[Date Prev][Date Next][Thread Prev][Thread Next][Date Index][Thread Index]
Re: [Qemu-devel] [PATCH v2 1/1] qemu-char: socket backend: disconnect on
From: |
Markus Armbruster |
Subject: |
Re: [Qemu-devel] [PATCH v2 1/1] qemu-char: socket backend: disconnect on write error |
Date: |
Fri, 24 Feb 2017 14:42:24 +0100 |
User-agent: |
Gnus/5.13 (Gnus v5.13) Emacs/25.1 (gnu/linux) |
Marc-André Lureau <address@hidden> writes:
> Hi
>
> On Thu, Feb 2, 2017 at 5:20 PM Denis V. Lunev <address@hidden> wrote:
>
>> From: Anton Nefedov <address@hidden>
>>
>> Socket backend read handler should normally perform a disconnect, however
>> the read handler may not get a chance to run if the frontend is not ready
>> (qemu_chr_be_can_write() == 0).
>>
>> This means that in virtio-serial frontend case if
>> - the host has disconnected (giving EPIPE on socket write)
>> - and the guest has disconnected (-> frontend not ready -> backend
>> will not read)
>> - and there is still data (frontend->backend) to flush (has to be a really
>> tricky timing but nevertheless, we have observed the case in production)
>>
>> This results in virtio-serial trying to flush this data continiously
>> forming
>> a busy loop.
>>
>> Solution: react on write error in the socket write handler.
>> errno is not reliable after qio_channel_writev_full(), so we may not get
>> the exact EPIPE, so disconnect on any error but QIO_CHANNEL_ERR_BLOCK which
>> io_channel_send_full() converts to errno EAGAIN.

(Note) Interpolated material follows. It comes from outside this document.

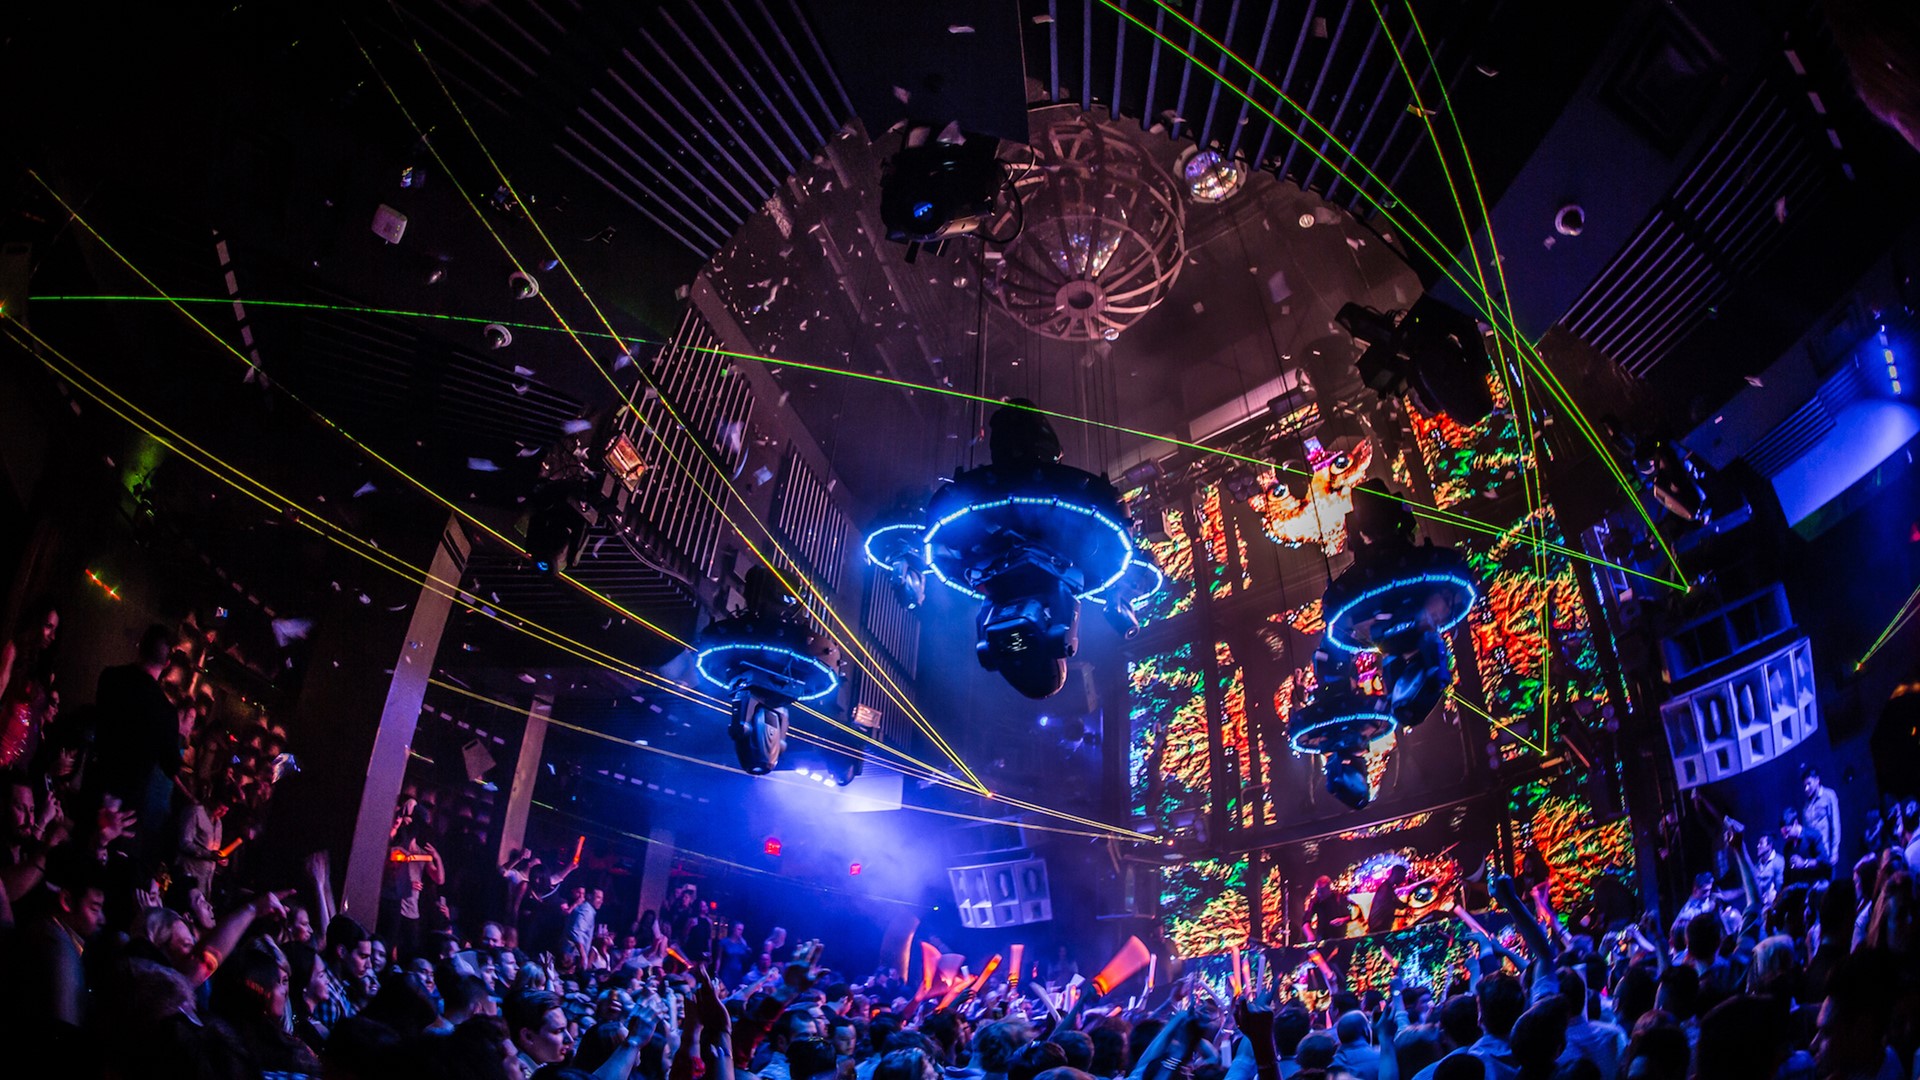 Marquee Nightclub at The Cosmopolitan of Las Vegas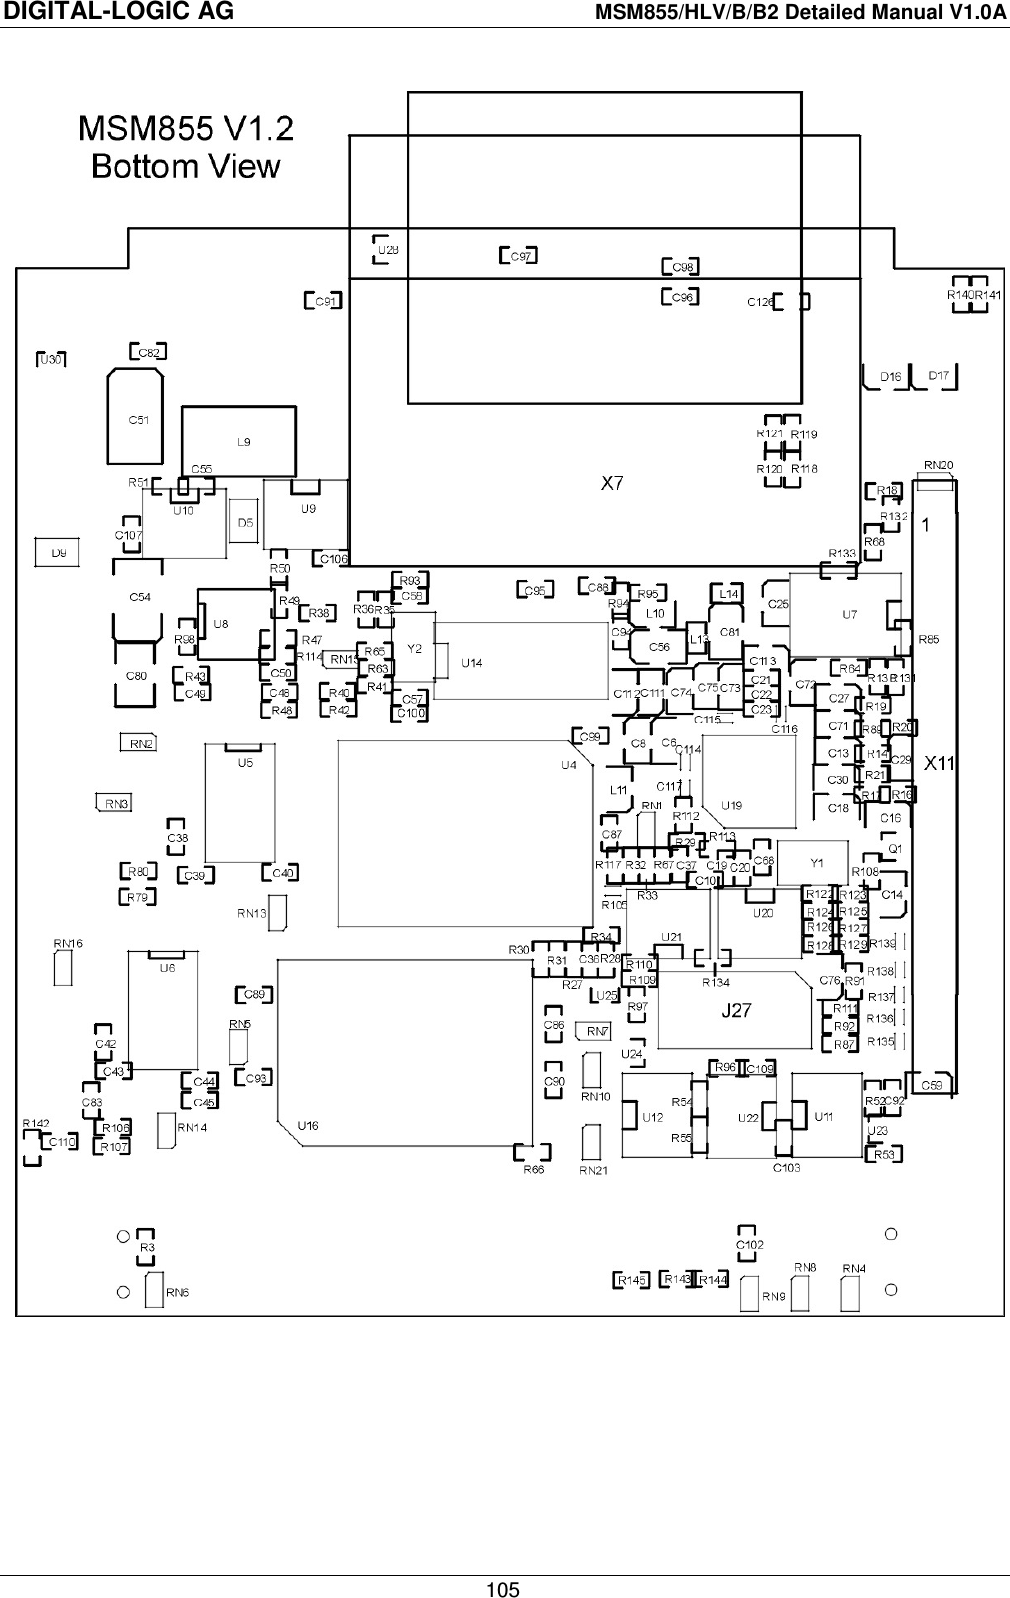 DIGITAL-LOGIC AG    MSM855/HLV/B/B2 Detailed Manual V1.0A    105

>> We must not disconnect right away though, there still may be data to read
>> (see 4bf1cb0).
>>
>> Signed-off-by: Anton Nefedov <address@hidden>
>> Signed-off-by: Denis V. Lunev <address@hidden>
>> CC: Paolo Bonzini <address@hidden>
>> CC: Daniel P. Berrange <address@hidden>
>> CC: Marc-André Lureau <address@hidden>
>> ---
>> Changes from v1:
>> - we do not rely on EPIPE anynore. Socket should be closed on all errors
>> except EAGAIN
>>
>> chardev/char-socket.c | 10 ++++++++++
>> 1 file changed, 10 insertions(+)
>>
>> diff --git a/chardev/char-socket.c b/chardev/char-socket.c
>> index 4068dc5..e2137aa 100644
>> --- a/chardev/char-socket.c
>> +++ b/chardev/char-socket.c
>> @@ -97,6 +97,9 @@ static gboolean tcp_chr_accept(QIOChannel *chan,
>> GIOCondition cond,
>> void *opaque);
>>
>> +static int tcp_chr_read_poll(void *opaque);
>> +static void tcp_chr_disconnect(CharDriverState *chr);
>> +
>> /* Called with chr_write_lock held. */
>> static int tcp_chr_write(Chardev *chr, const uint8_t *buf, int len)
>> {
>> @@ -114,6 +117,13 @@ static int tcp_chr_write(Chardev *chr, const uint8_t
>> *buf, int len)
>> s->write_msgfds_num = 0;
>> }
>>
>> + if (ret < 0 && errno != EAGAIN) {
>> + if (tcp_chr_read_poll(chr) <= 0) {
>> + tcp_chr_disconnect(chr);
>> + return len;
>>
>
> This change breaks a number of assumption in vhost-user code. Until now, a
> vhost-user function assumed that dev->vhost_ops would remain as long as the
> function is running, so it may call vhost_ops callbacks several time, which
> may eventually fail to do io, but no crash would occur. The disconnection
> would be handled later with the HUP handler. Now, vhost_ops may be cleared
> during a write (chr_disconnect -> CHR_EVENT_CLOSED in
> net_vhost_user_event). This can be randomly reproduced with vhost-user-test
> -p /x86_64/vhost-user/flags-mismatch/subprocess (broken pipe, qemu crashes)
It hangs for me with annoying frequency. I'm glad you found the culprit!
> I am trying to fix this, but it isn't simple (races, many code paths etc),
> so I just wanted to inform you about it.
Can we revert this patch until we have a fix?